● **Action item**
None of the images should appear in your copy. Transcribe the data in full.

● **Dataset excerpt**
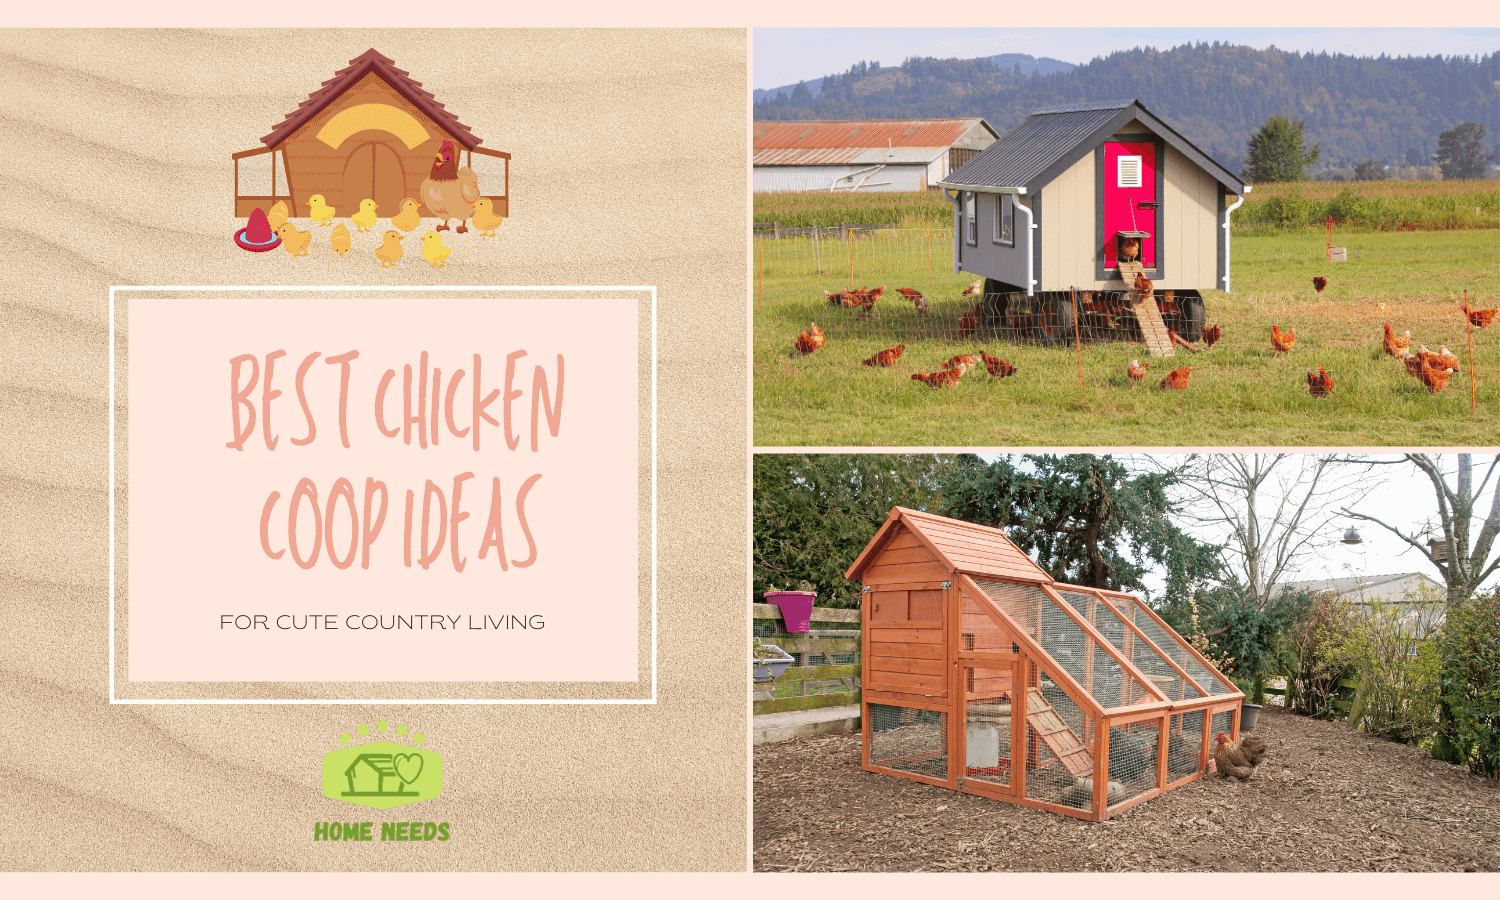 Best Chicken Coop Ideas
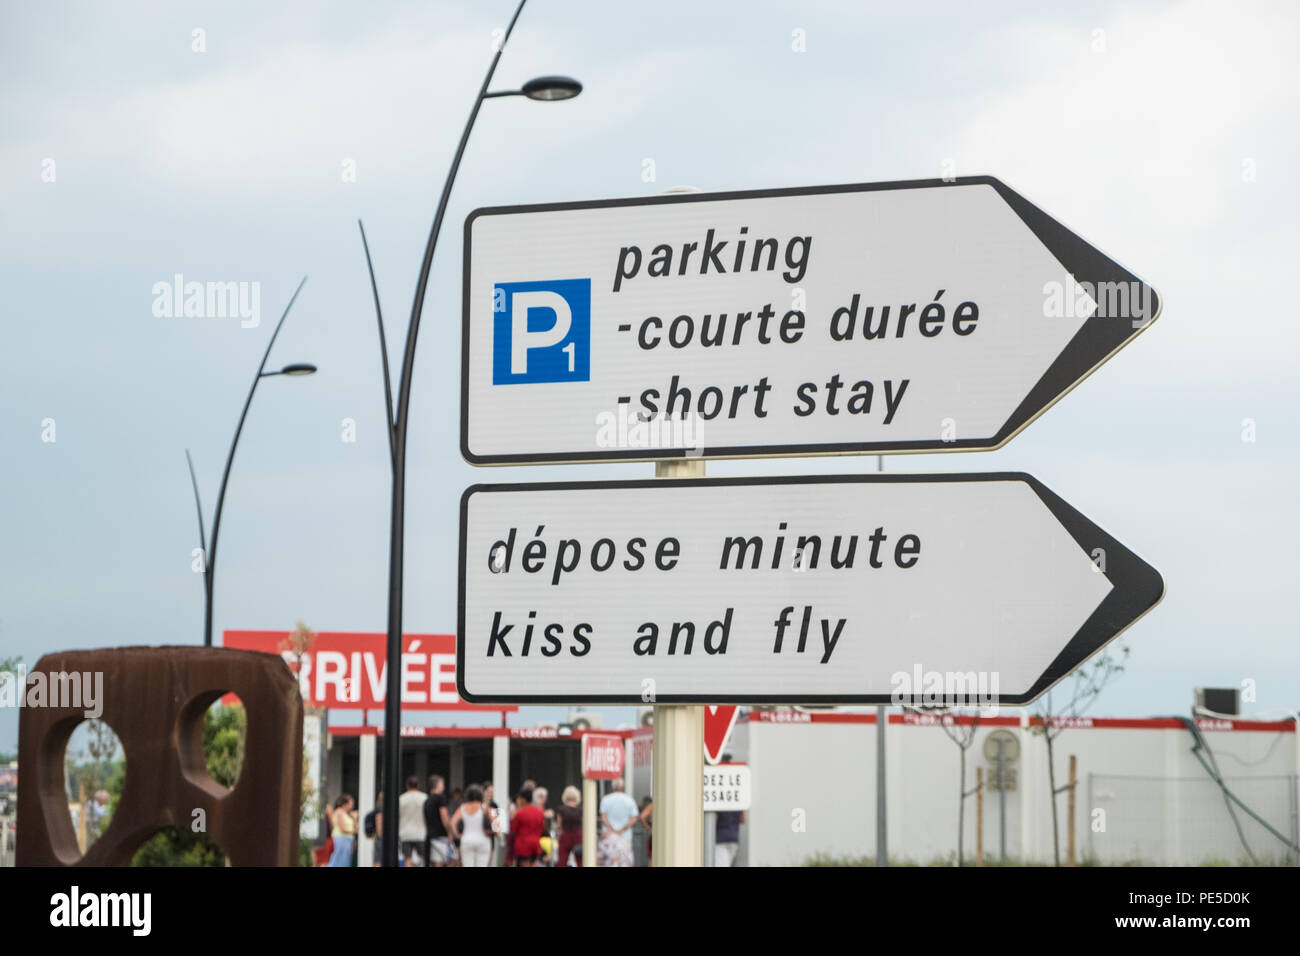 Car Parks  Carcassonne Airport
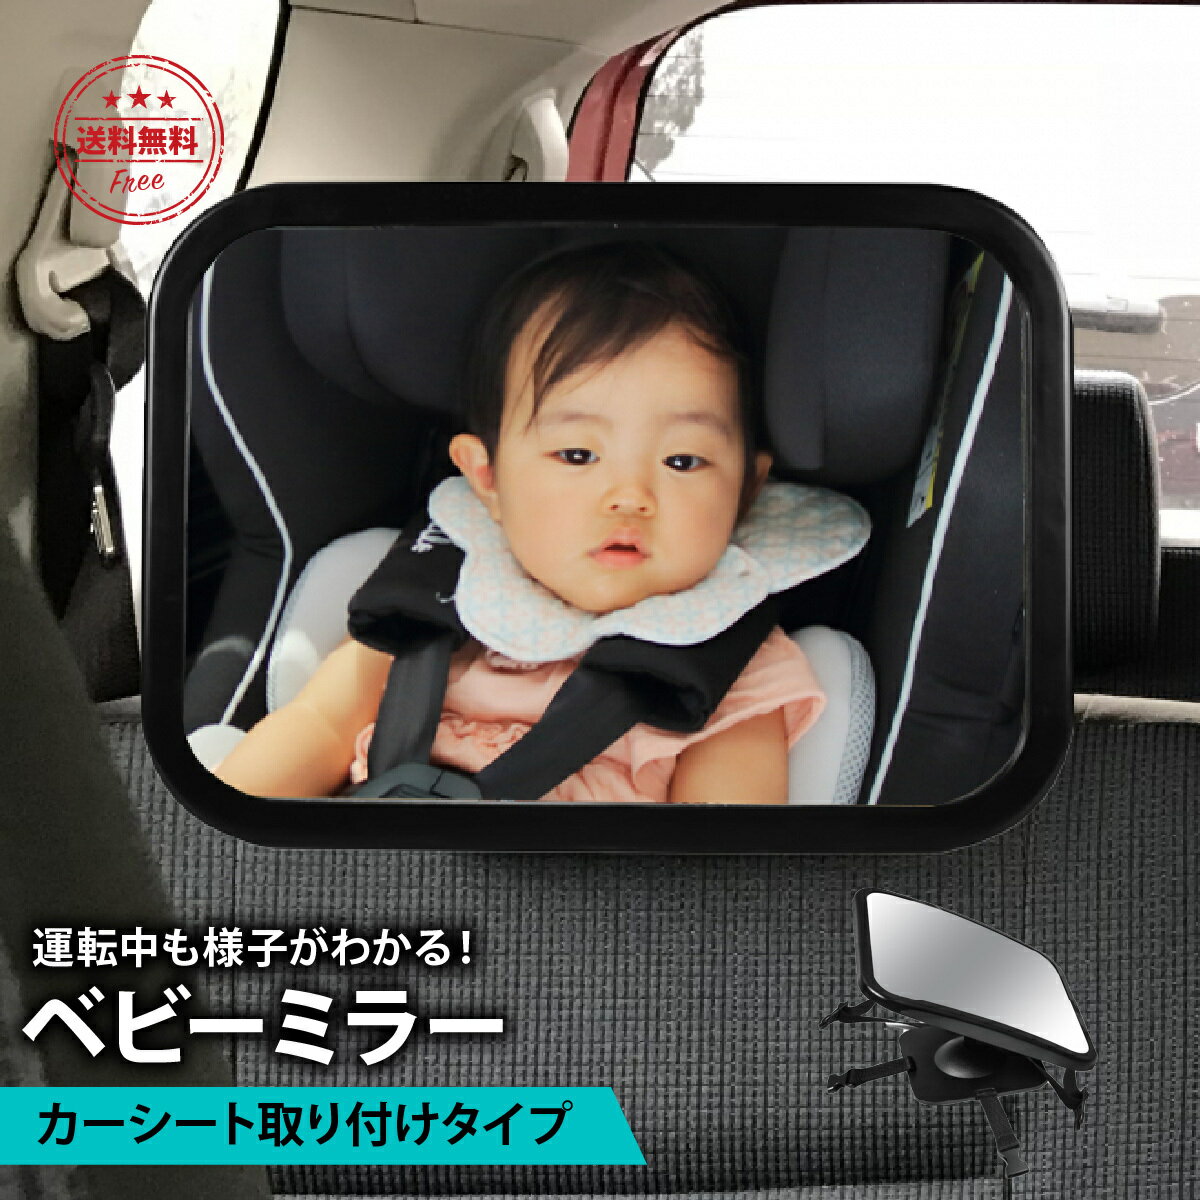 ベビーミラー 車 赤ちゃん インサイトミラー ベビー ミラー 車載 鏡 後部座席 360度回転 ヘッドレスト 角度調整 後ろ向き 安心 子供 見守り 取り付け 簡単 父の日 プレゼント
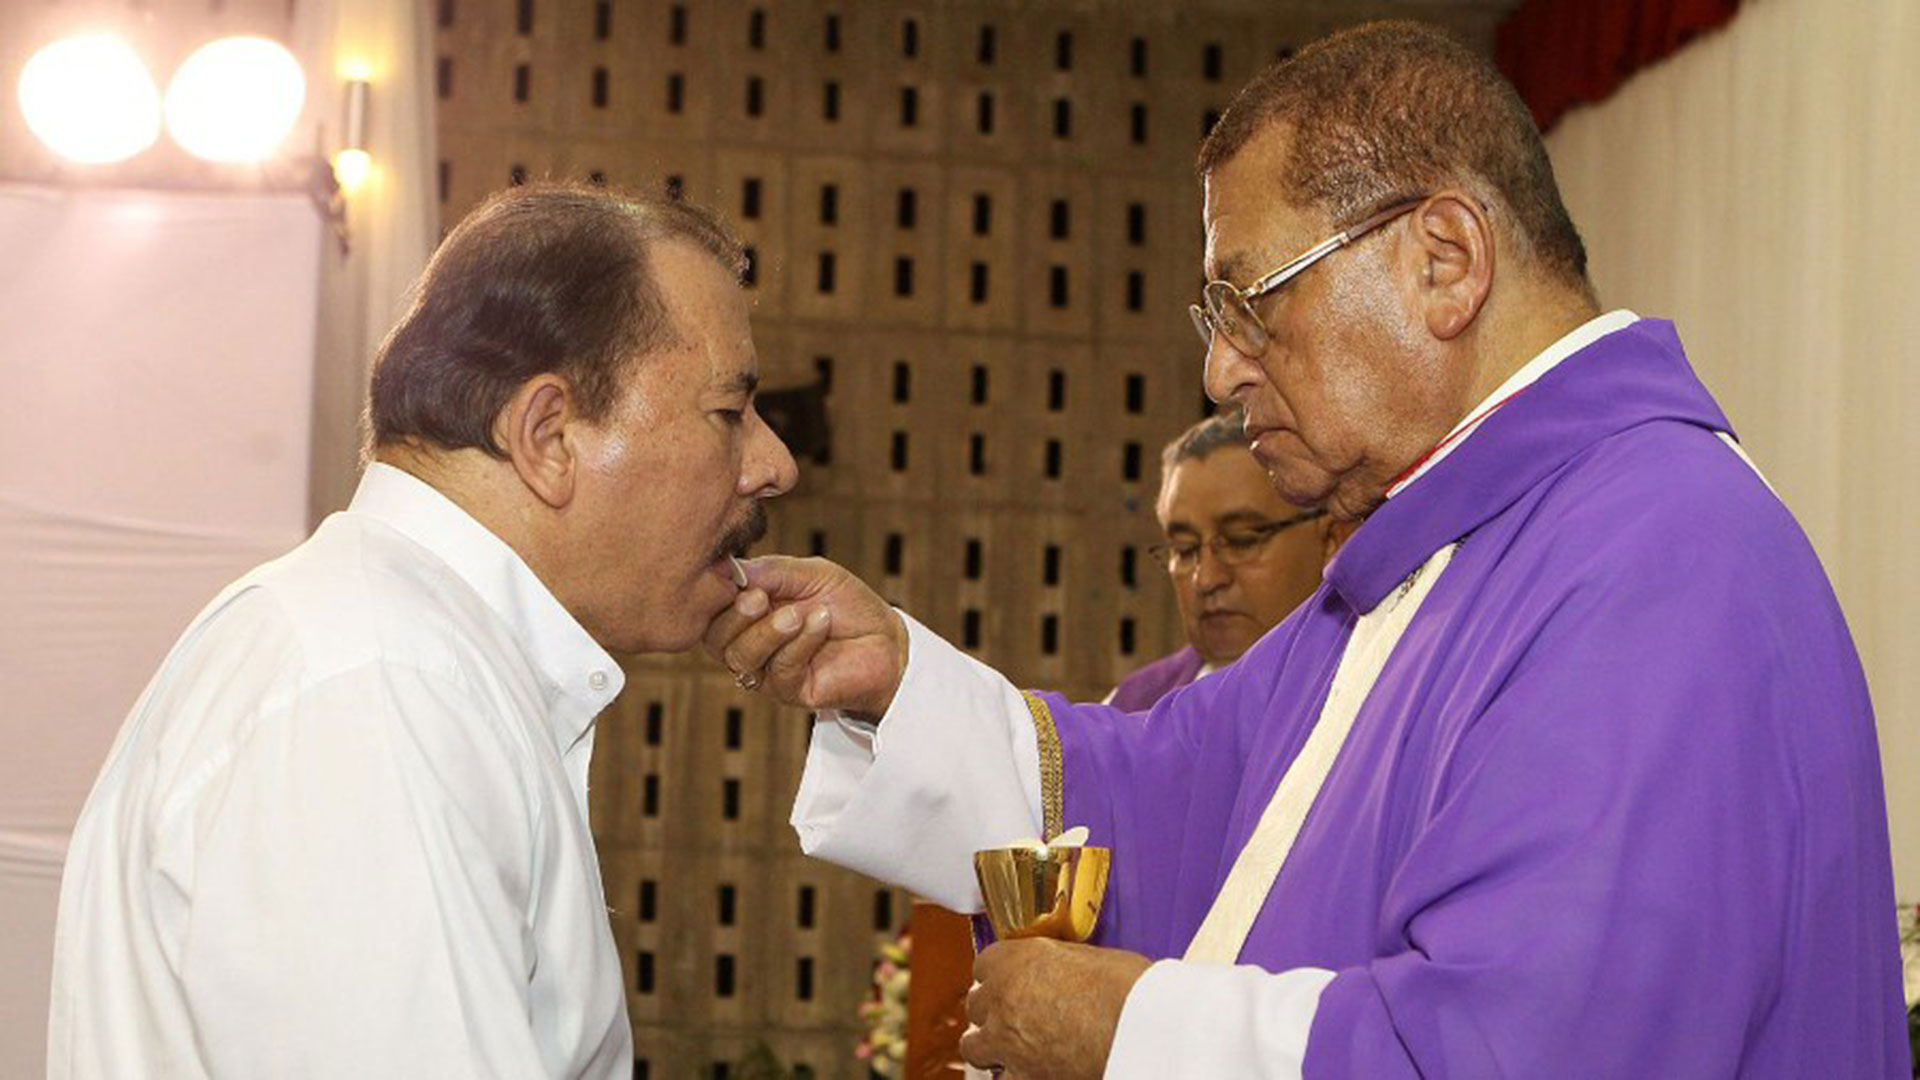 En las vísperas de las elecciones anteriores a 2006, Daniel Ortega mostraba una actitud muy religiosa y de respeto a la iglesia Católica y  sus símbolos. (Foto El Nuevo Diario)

● **Output below**
 Best Chicken Coop Ideas
 Car Parks  Carcassonne Airport
 ベビーミラー 車 赤ちゃん インサイトミラー ベビー ミラー 車載 鏡 後部座席 360度回転 ヘッドレスト 角度調整 後ろ向き 安心 子供 見守り 取り付け 簡単 父の日 プレゼント
 En las vísperas de las elecciones anteriores a 2006, Daniel Ortega mostraba una actitud muy religiosa y de respeto a la iglesia Católica y  sus símbolos. (Foto El Nuevo Diario)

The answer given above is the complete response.